The problem with this method is that it rarely works as a big win will be averaged out by multiple small losses. It requires the purchase of options on stock which is expected to literally explode.
If there is such a stock you won’t be the first person who would have found out about it so the options prices will be inflated.
You can find an example of an epic options trade which turned $100,000 into $2.5 million by clicking here. Note that there was a very high probability of failure which would have resulted in a loss of $100,000.
Can you get rich by saving money
I’d be inclined to say no, however, savings provide the groundwork for larger scale projects. I have seen a lot of advice such as if you don’t buy one cup of coffee each week you will save £150 per year.
Yes sure and then what? First you need to earn money so I think that finding a high paying occupation should take priority over coffee. Once you have some money start saving but not on coffee.
How to save successfully
Focus on the big ticket items. Do you pay rent? If so save as much as you can and buy a house. Rent is a well known dead money type of expense and you have to live somewhere anyway. The purpose of this is not so much to make money on a house but to preserve capital.

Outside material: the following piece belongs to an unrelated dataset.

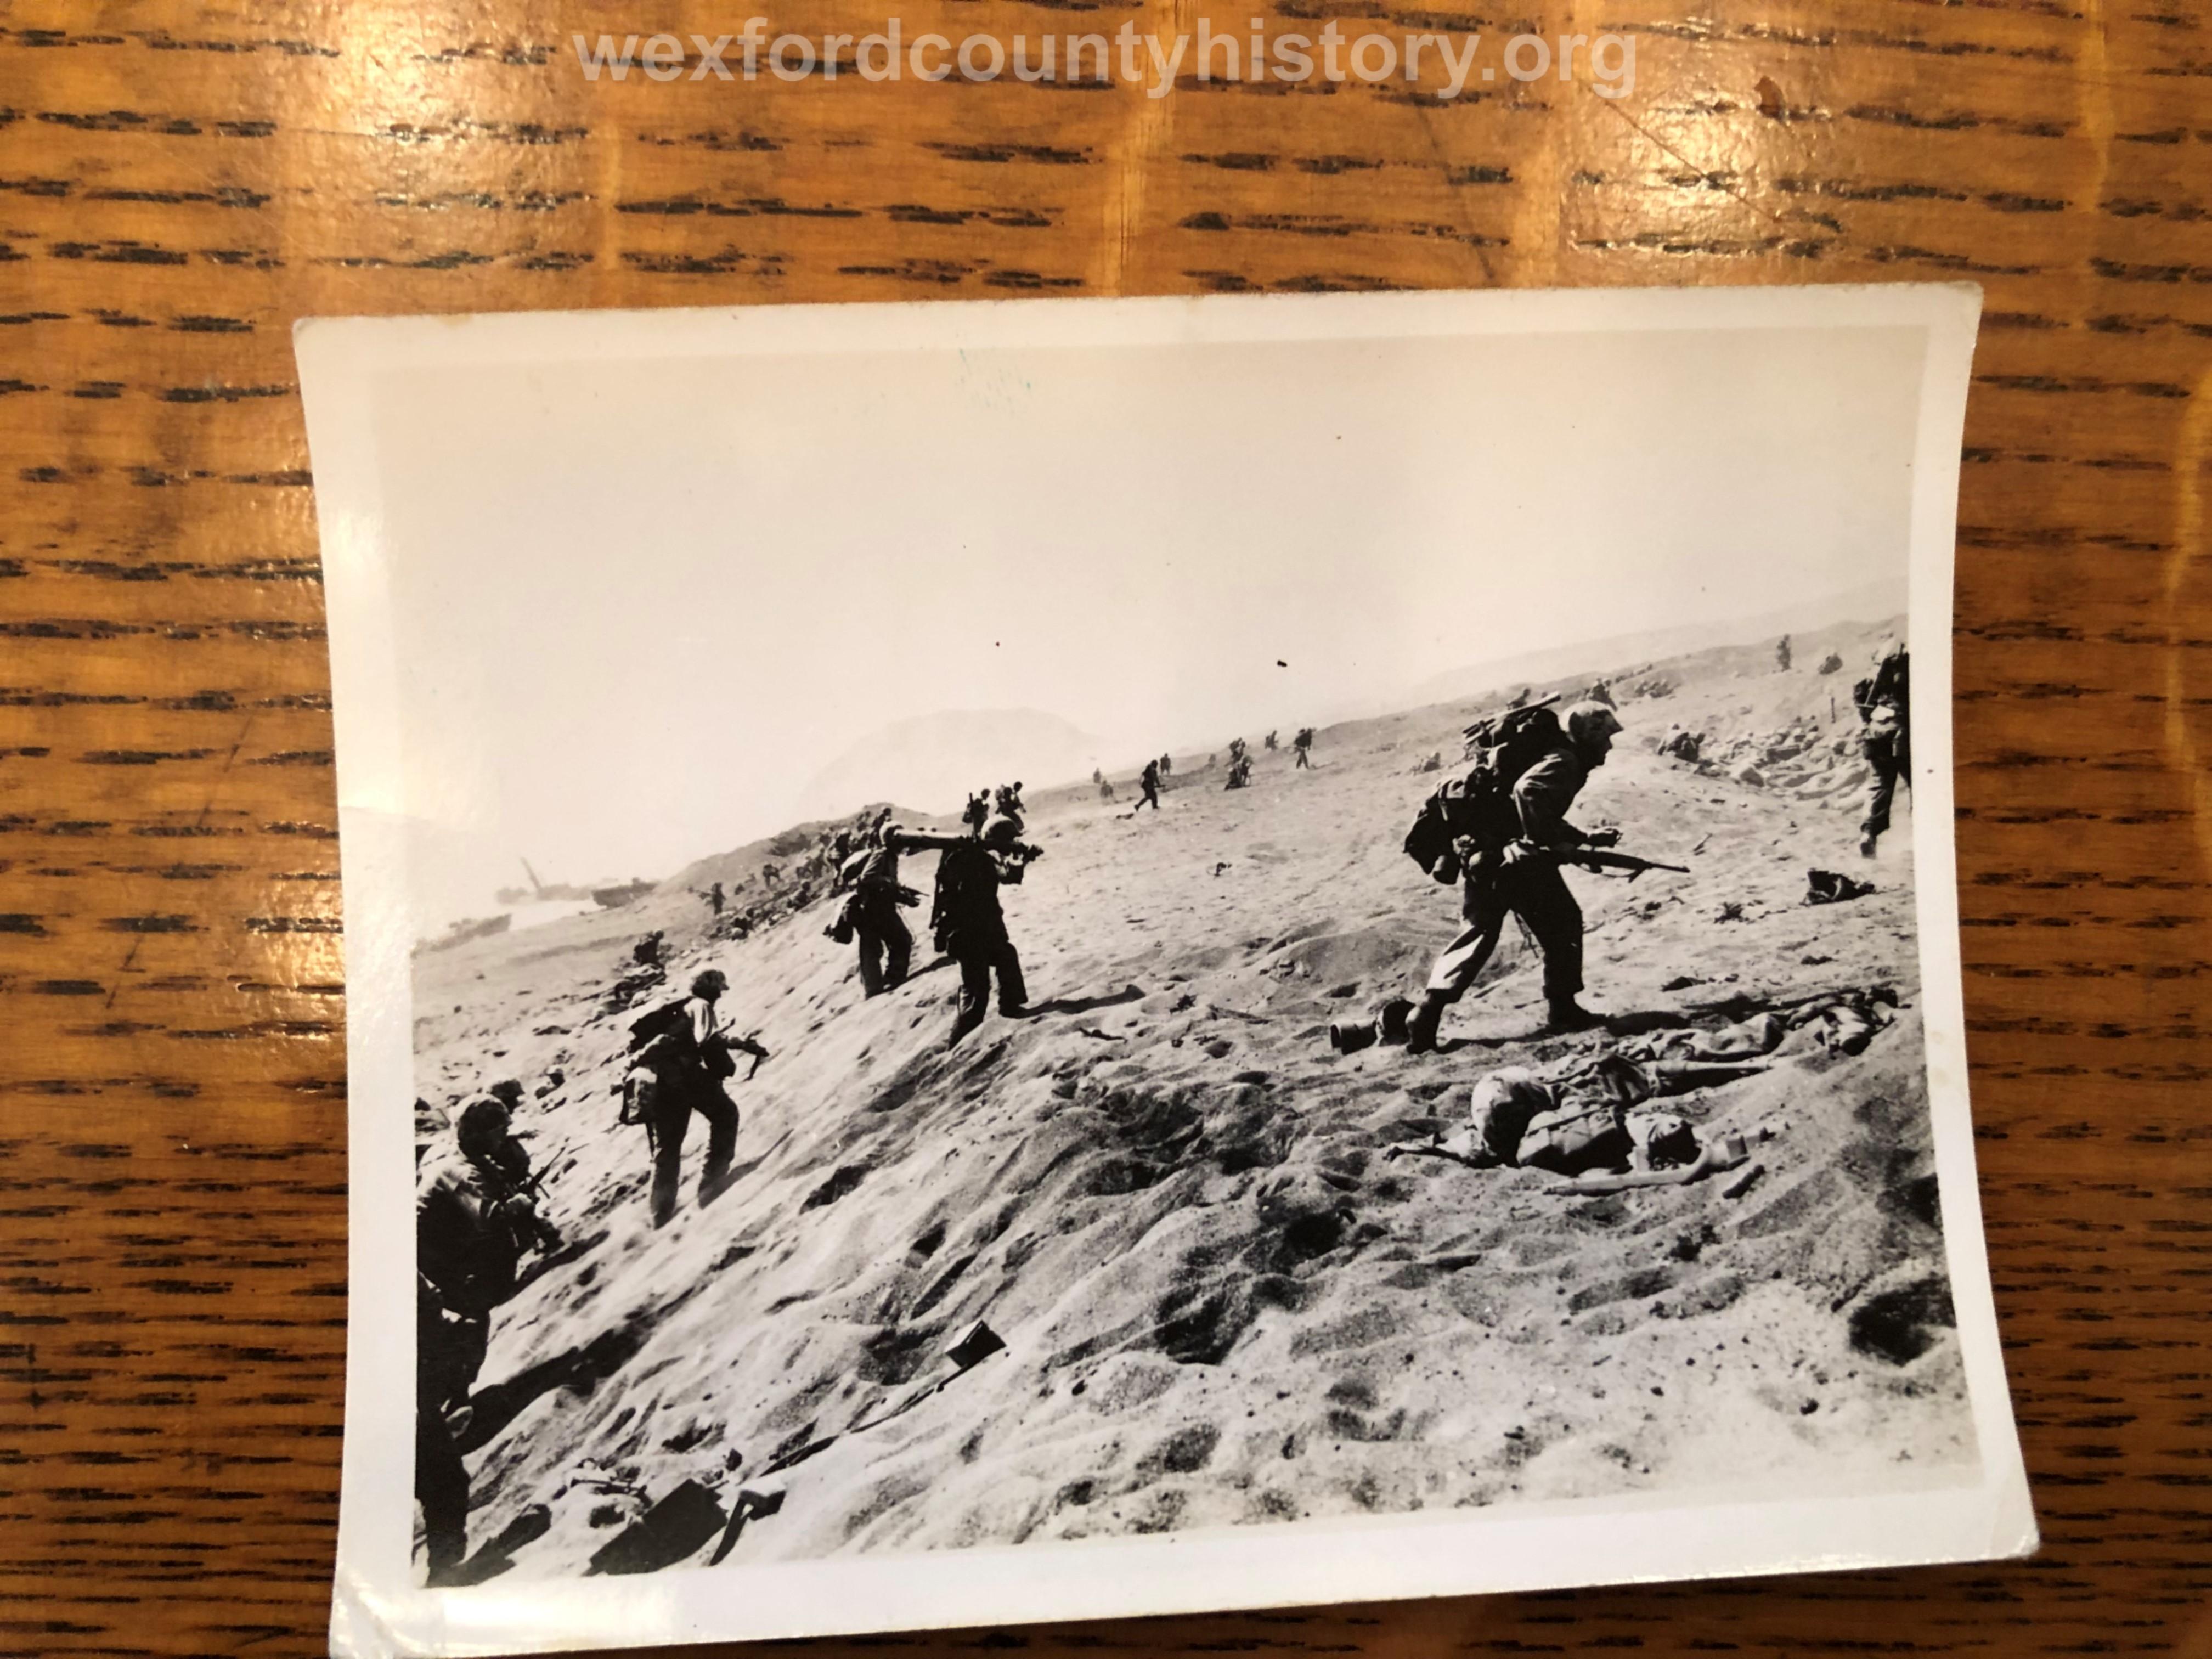 Cadillac-Veterans-Paul-Johnson-World-War-2-Photographs-30

Don’t buy a new car, buy a used one even if it’s just a month old or whatever fits your needs. The moment you drive away in a new car you lose 10-20% of its value. Cars are a money pit, especially in terms of the finance.
A lot of PCP schemes charge as much as 7% APR. We live in the era of low interest rates so check what your bank can get you. I brought mine down to 2.8% by not using PCP. The Retail price index was 2.8% at the time, so the effective cost was 0%. On this occasion is was cheaper to borrow the money than to pay outright.

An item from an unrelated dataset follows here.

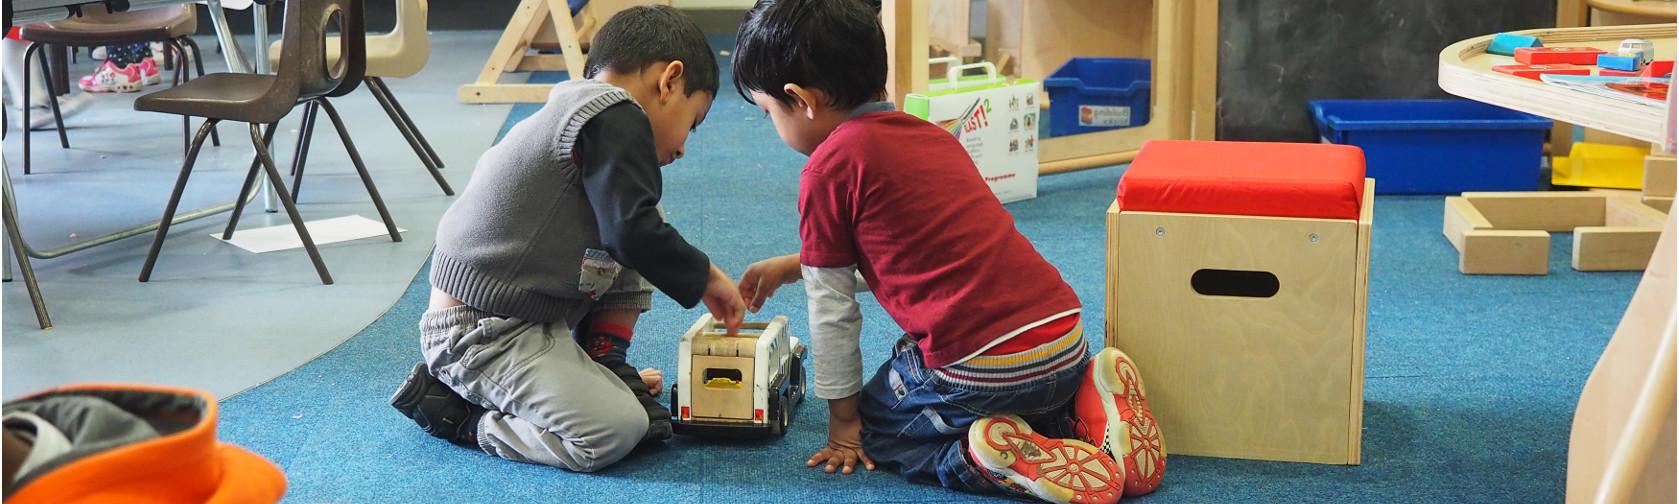 Nursery - Howes Primary School

No one got rich by spending everything so keep check on your credit card debt. Most companies charge in excess of 15% APR per year which is obscene in the low interest world. Find cards with settlement periods longer that 30 days. This will allow you to have access to your money for longer before you have to pay your bill.
A perfect situation would be if you have interest on your current account or other short term investments. This is how insurance companies make money. You pay premium then they invest it and withdraw later once payments to customers are due.
You can’t get away from utility bills but make sure you shop around. Check how much you pay for your mobile phone, going down from £60 per month to £30 adds up to £360 per year. Once you’ve done all that check the smaller bills: clothes, entertainment, etc. See if you can save something on these just bear in mind that you won’t necessarily get rich by living frugal.
Getting rich is a slow and difficult process. You may end up with piles of wealth overnight but the chances are pretty slim.
We found out that the probabilities are stacked up against us but if we keep trying we give ourselves a better chance to succeed.
The main drivers are a stable well paying job, savings and wise investments in business or the stock market. It is important to choose investments which have scale and can achieve outsized returns.
It wouldn’t make any sense to throw all of your life savings in a project which would barely return the wages you are already getting from employment. Remember, get rich or keep trying!